Why the worst may have passed
Despite all the upward price pressure, I’m cautiously optimistic that the biggest price hikes are behind us, the main reason being that live TV streaming services have finally settled on pricing that gives them a path to profitability.
FuboTV, for instance, is now “gross margin positive” at its current $55-per-month base price, CEO David Gandler tells me. That means when you factor in ad revenue, add-on packages, and extra services (such as more DVR storage), the company makes more money per subscriber than it spends.
Even for services that are still in the red, or close to it, growing ad revenue could help turn things around. FuboTV, for instance, now makes $4 per customer in monthly ad revenue, which is double what it was earning a year ago, and the New York Times has reported that Hulu makes $9 per subscriber in monthly ad revenue for its on-demand service alone. Gandler says the uptick is because viewers are spending more time on live TV services than they used to, and because streaming TV ads are earning more per viewer.
That doesn’t mean prices won’t rise at all from here, but Gandler believes $55 to $60 per month is the ceiling for what cord-cutters will pay for live TV streaming services.
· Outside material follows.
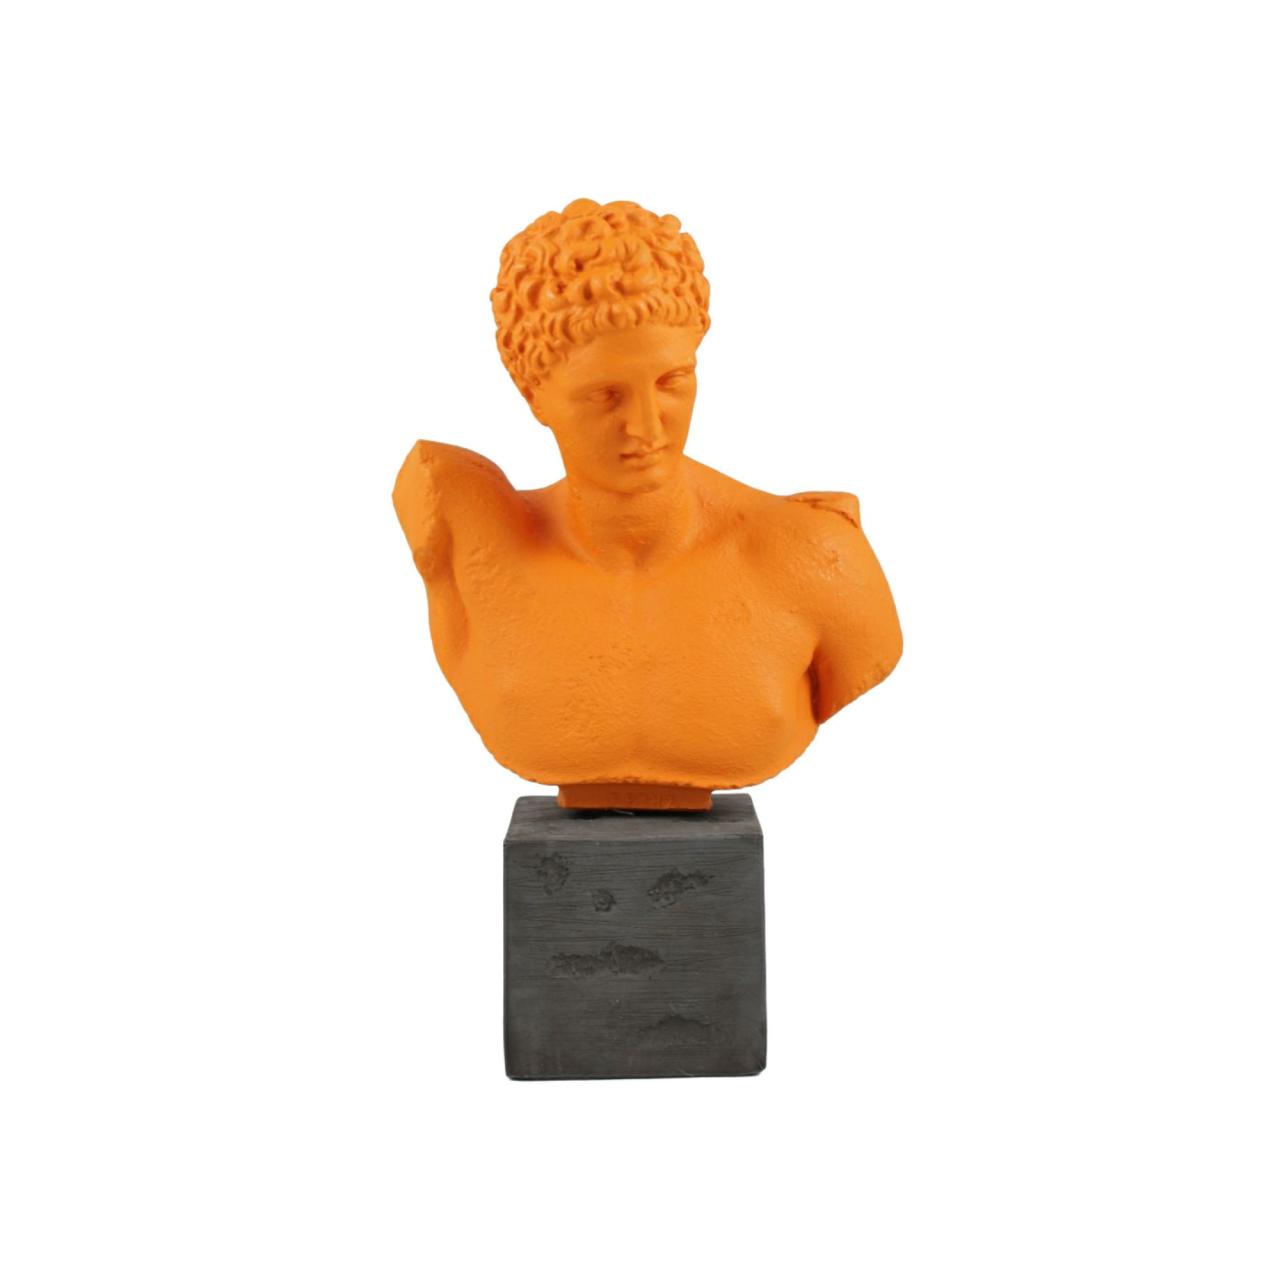 Hermes God Bust Head Statue Pop Art

At those prices, they’re still about $50 per month less than the average cable or satellite TV bill of $107 per month, and providers could become a lot more judicious about adding new channels to maintain that price buffer. And even if TV networks come looking for regular rate increases, cable and satellite providers won’t be immune to the same hikes.
Gandler, for his part, says not to expect more price increases for at least the next 12 months. “My sense is, yes, the worst has passed,” he said.
Beyond bigger bundles
Longer-term, we may also see a return to skinnier TV packages. Hulu CEO Randy Freer has floated the idea of a cheaper bundle that focuses on sports and news, rather than entertainment networks, and some cable providers—such as Spectrum—have started experimenting with more flexible packages as well. With the overall pay TV bundle business in steady decline, TV networks could become more willing to break apart their channel lineups in new ways.
TVRev analyst Alan Wolk agrees with this theory, arguing that as people start adding services like Disney+ or Apple TV+ on top of their Netflix or Hulu subscriptions, they might wonder why they’re still paying for a big bundle of cable channels.
“I think [live TV services] will reintroduce super skinny bundles—literally just broadcast networks—with add-on options for news and sports,” Wolk tells me via email.
In other words, don’t despair for the future of streaming TV channel packages. There will be plenty of ways to save money yet.